Your task: Start at the line that contains "Visit Cleveland's Arcade" in the listing below and extract every line through the last, exactly; leave pictures out.

[[ Data section open ]]

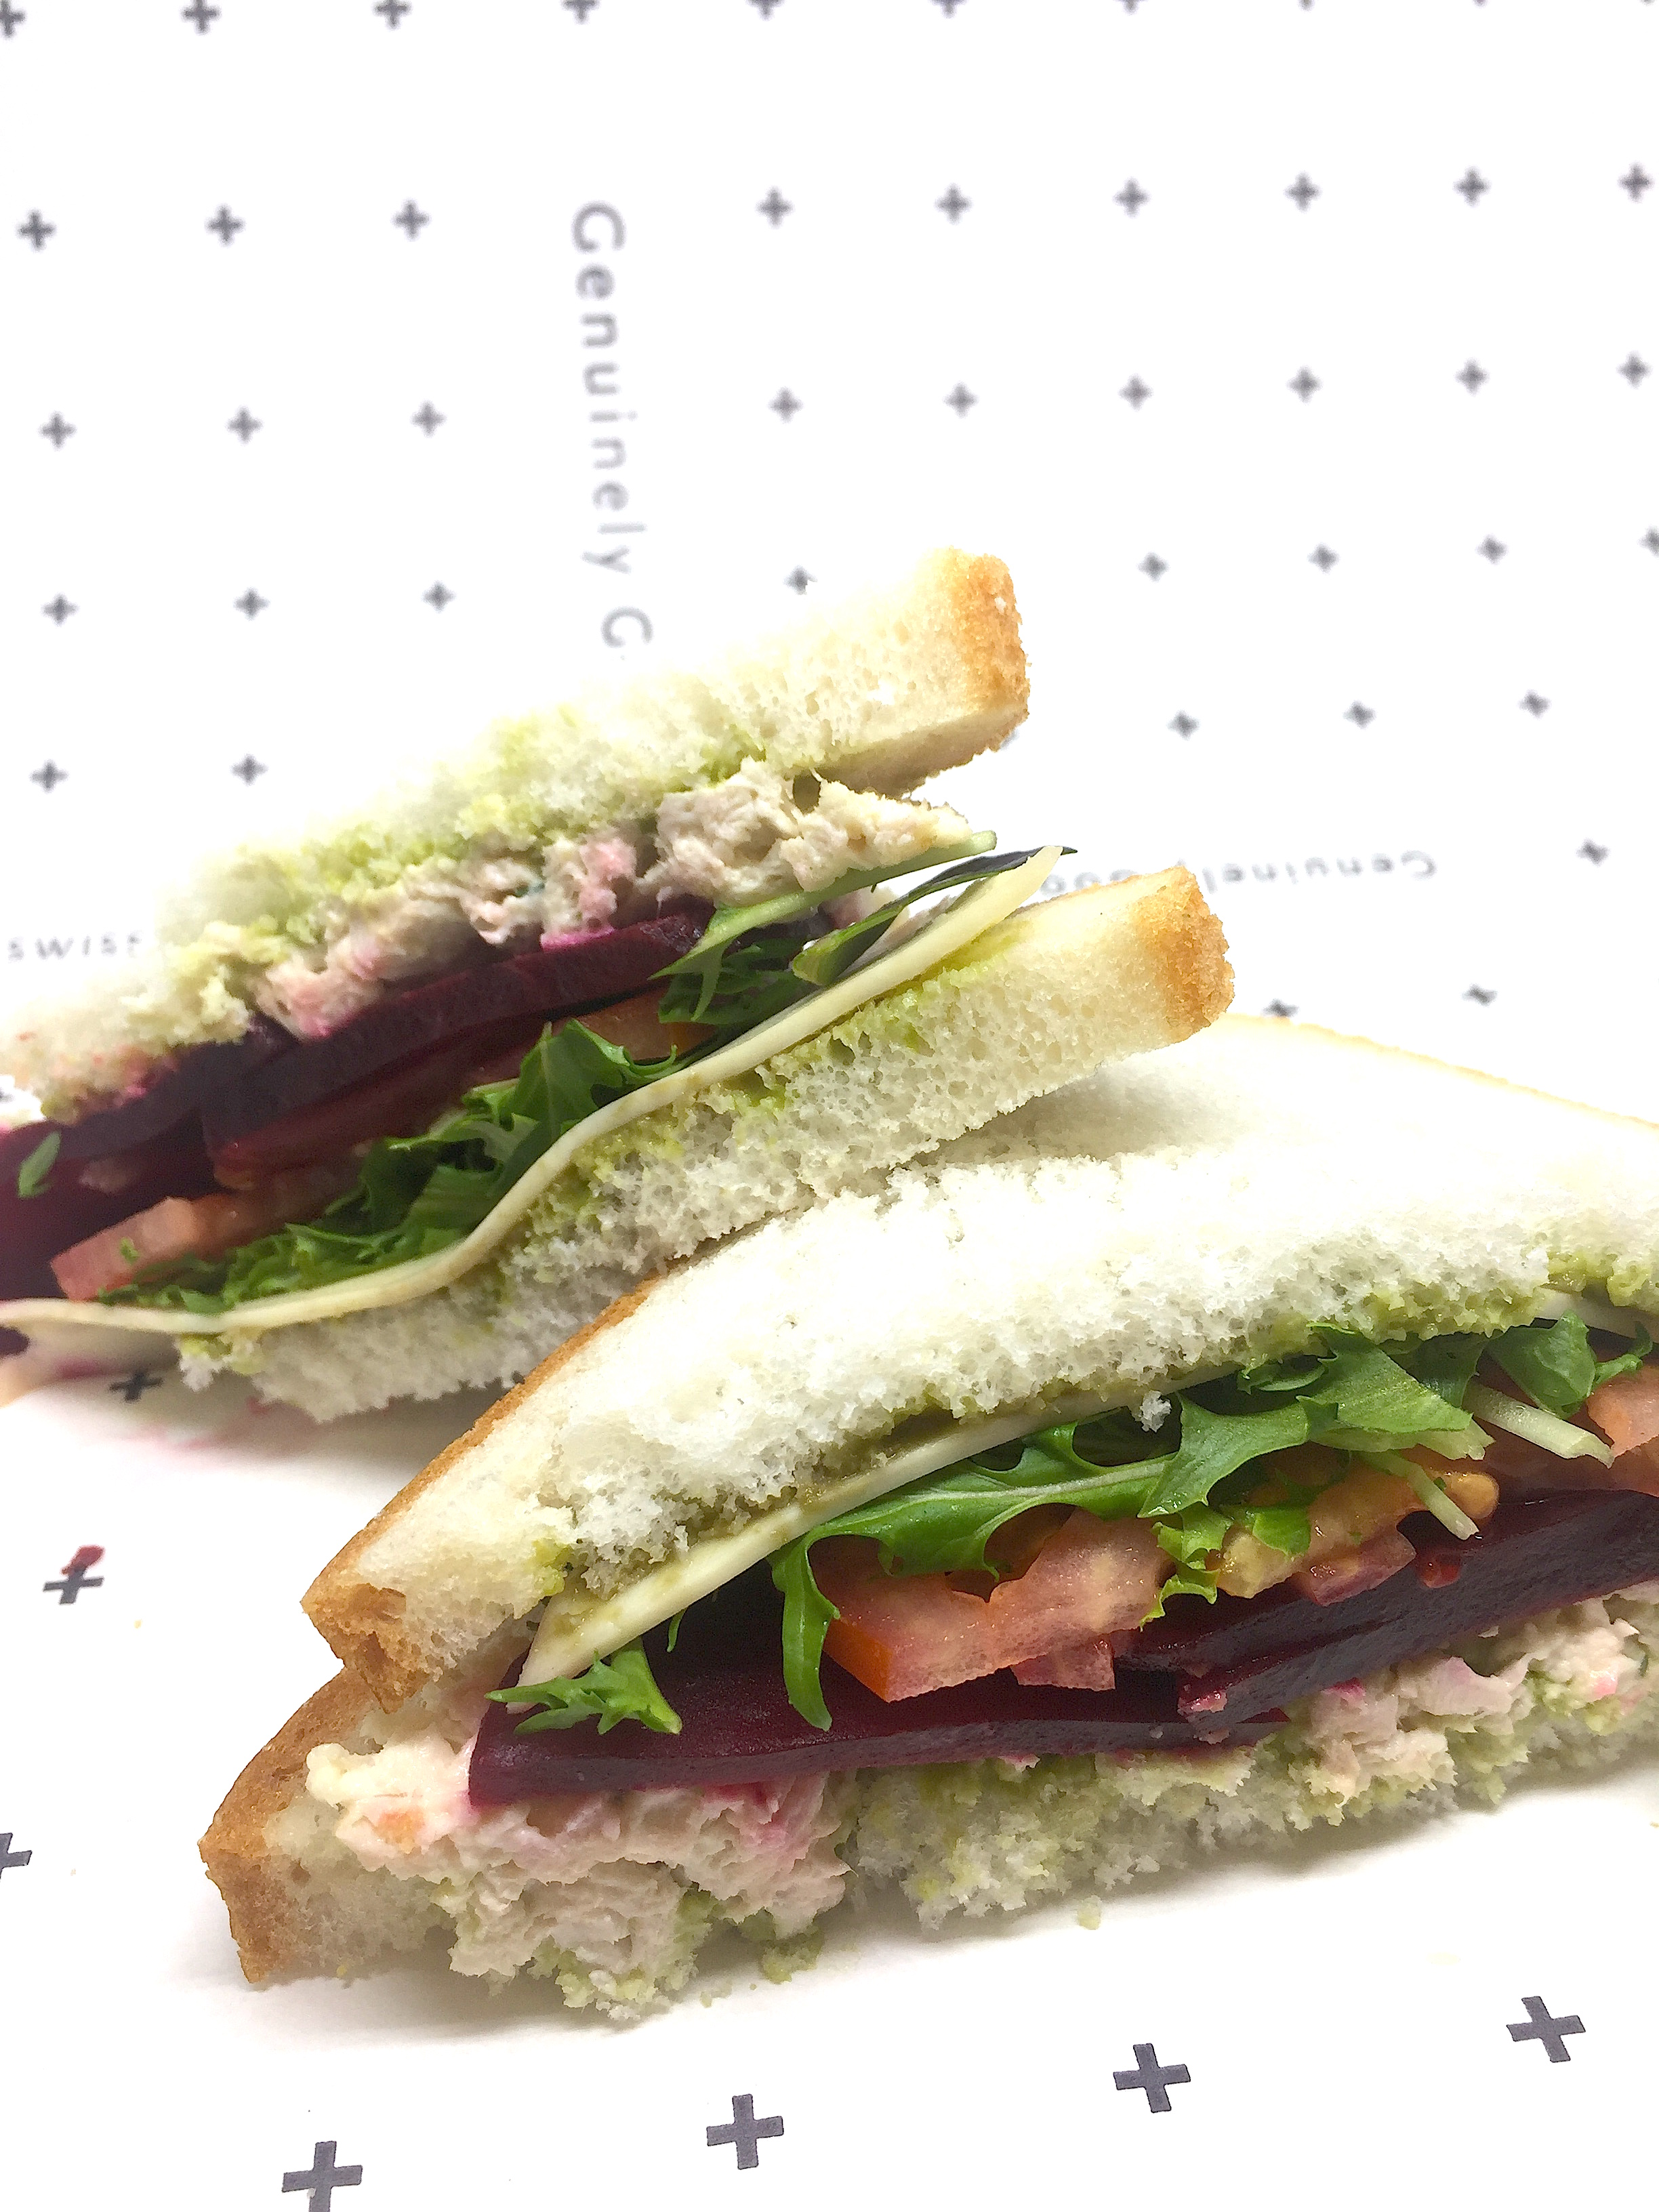 36 gluten free sandwich box
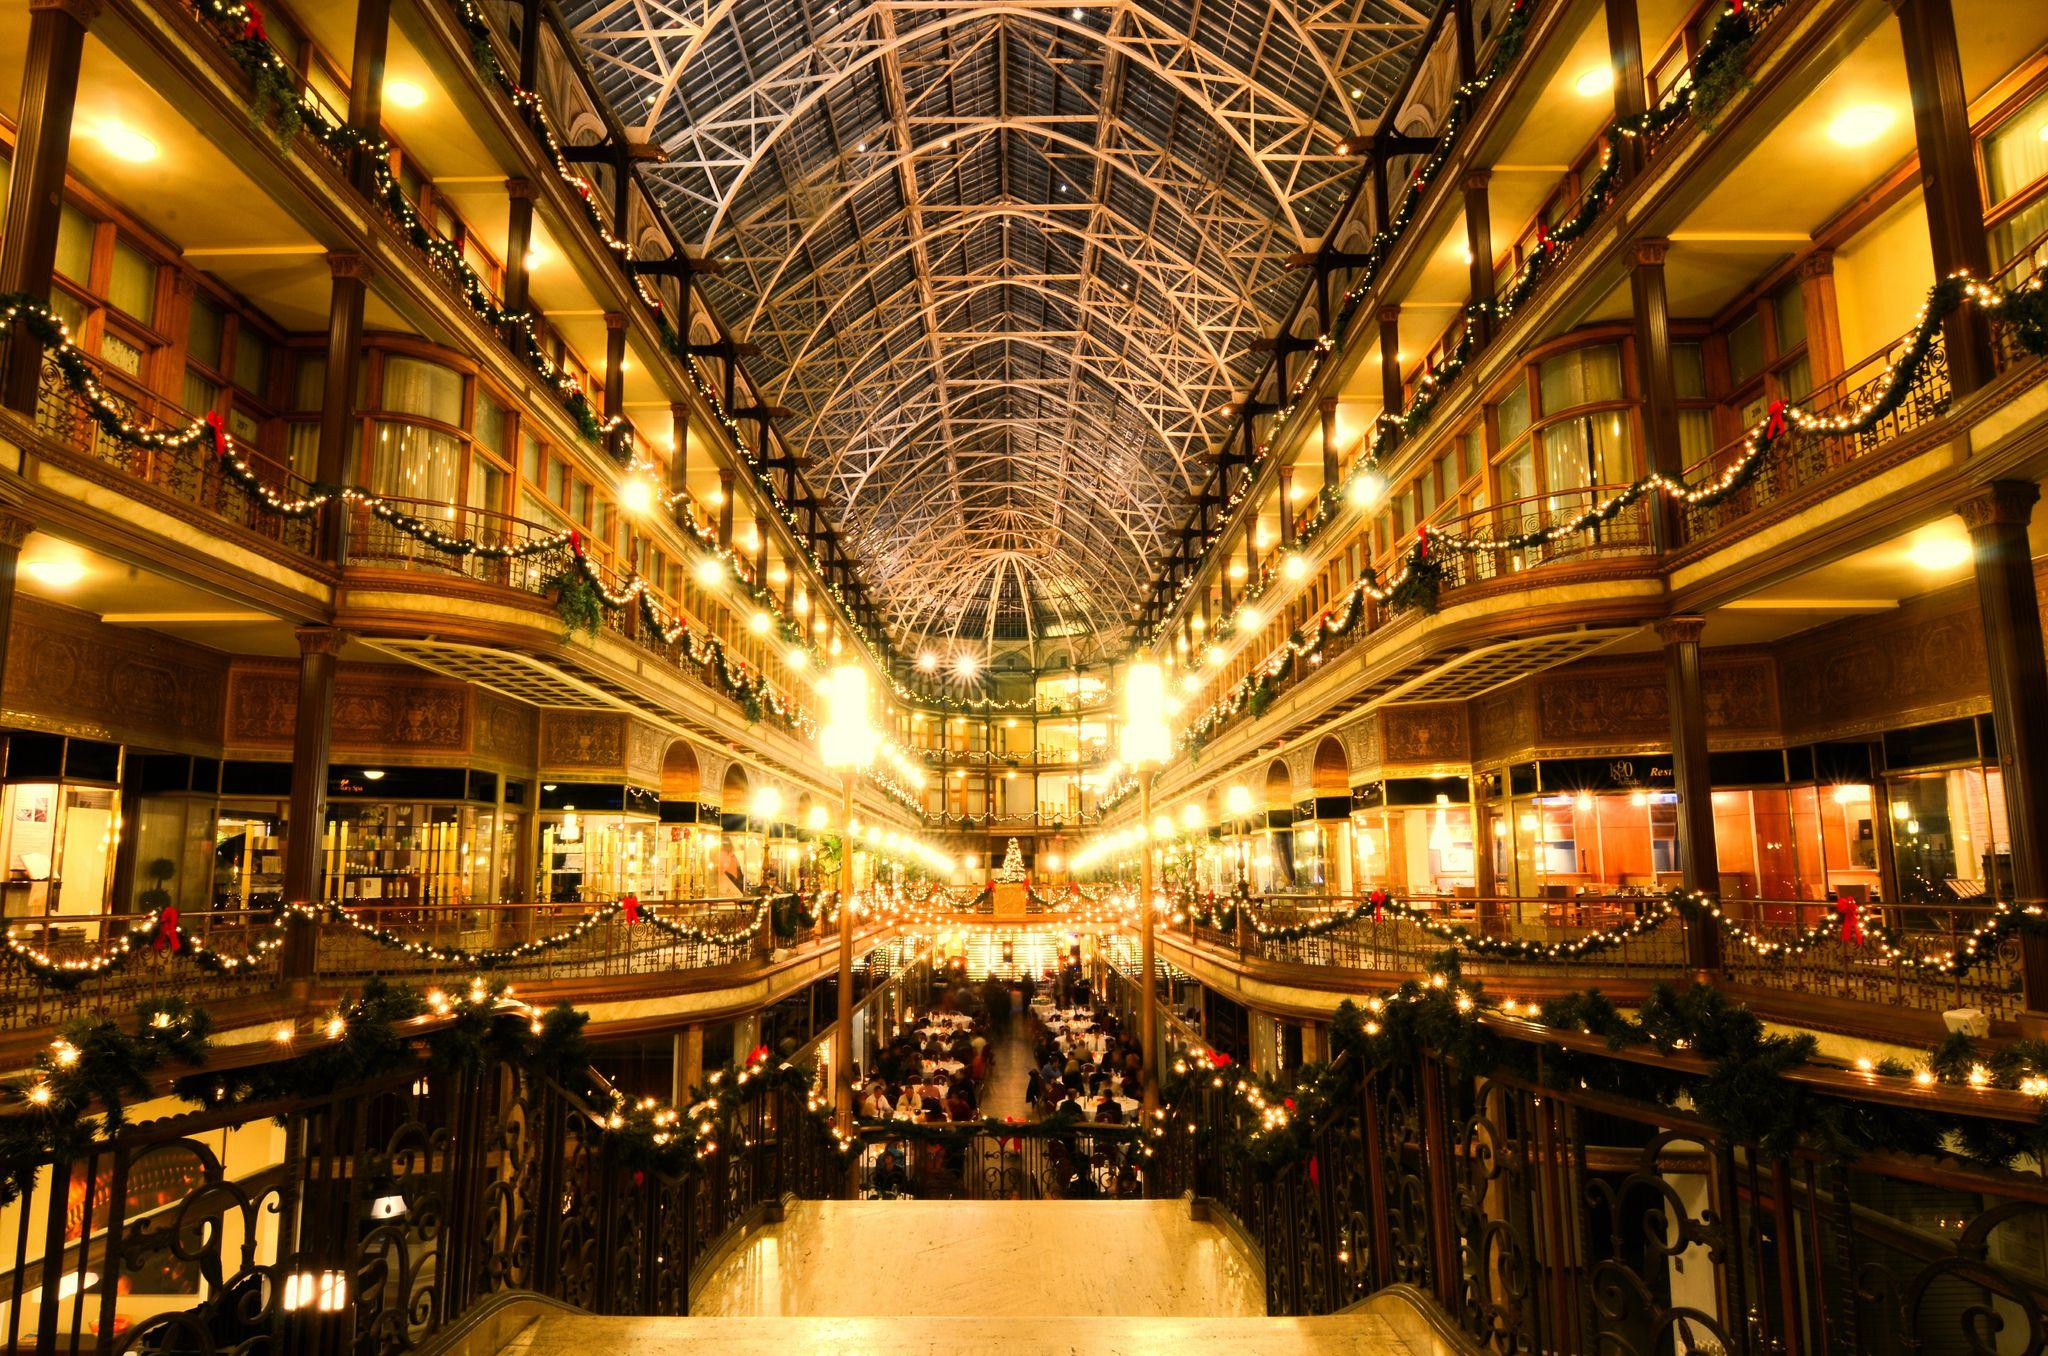 Visit Cleveland's Arcade
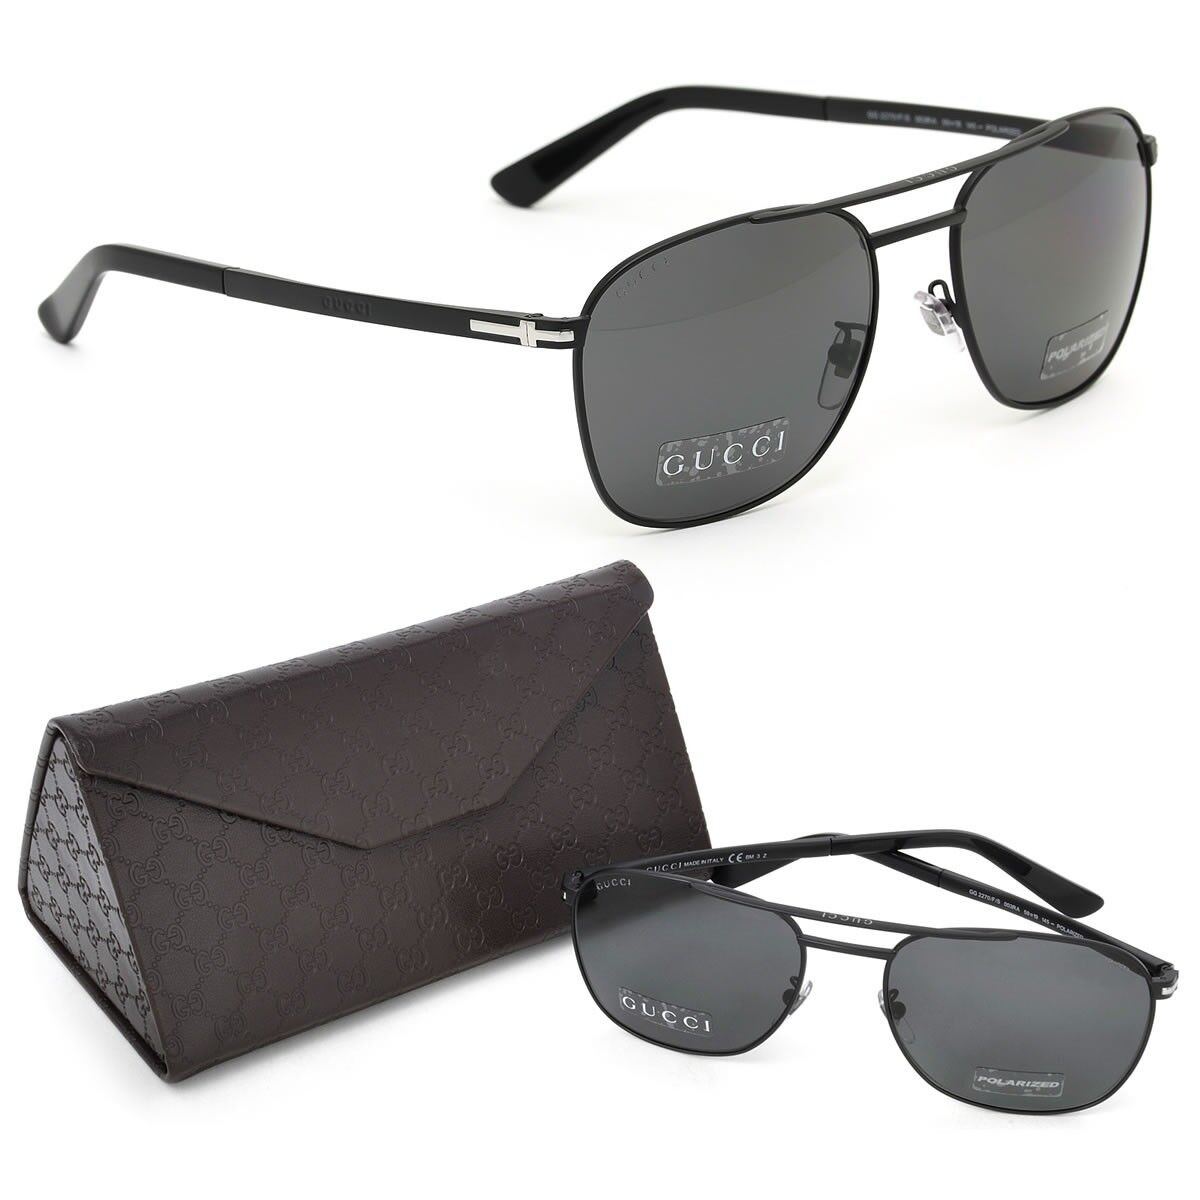 30a94d72c3 Gucci Men s GG 2270 f s 003ra Polarized Sunglasses Matte Black for sale  online

[[ Data section closed ]]

Result for this exercise:
 Visit Cleveland's Arcade
 30a94d72c3 Gucci Men s GG 2270 f s 003ra Polarized Sunglasses Matte Black for sale  online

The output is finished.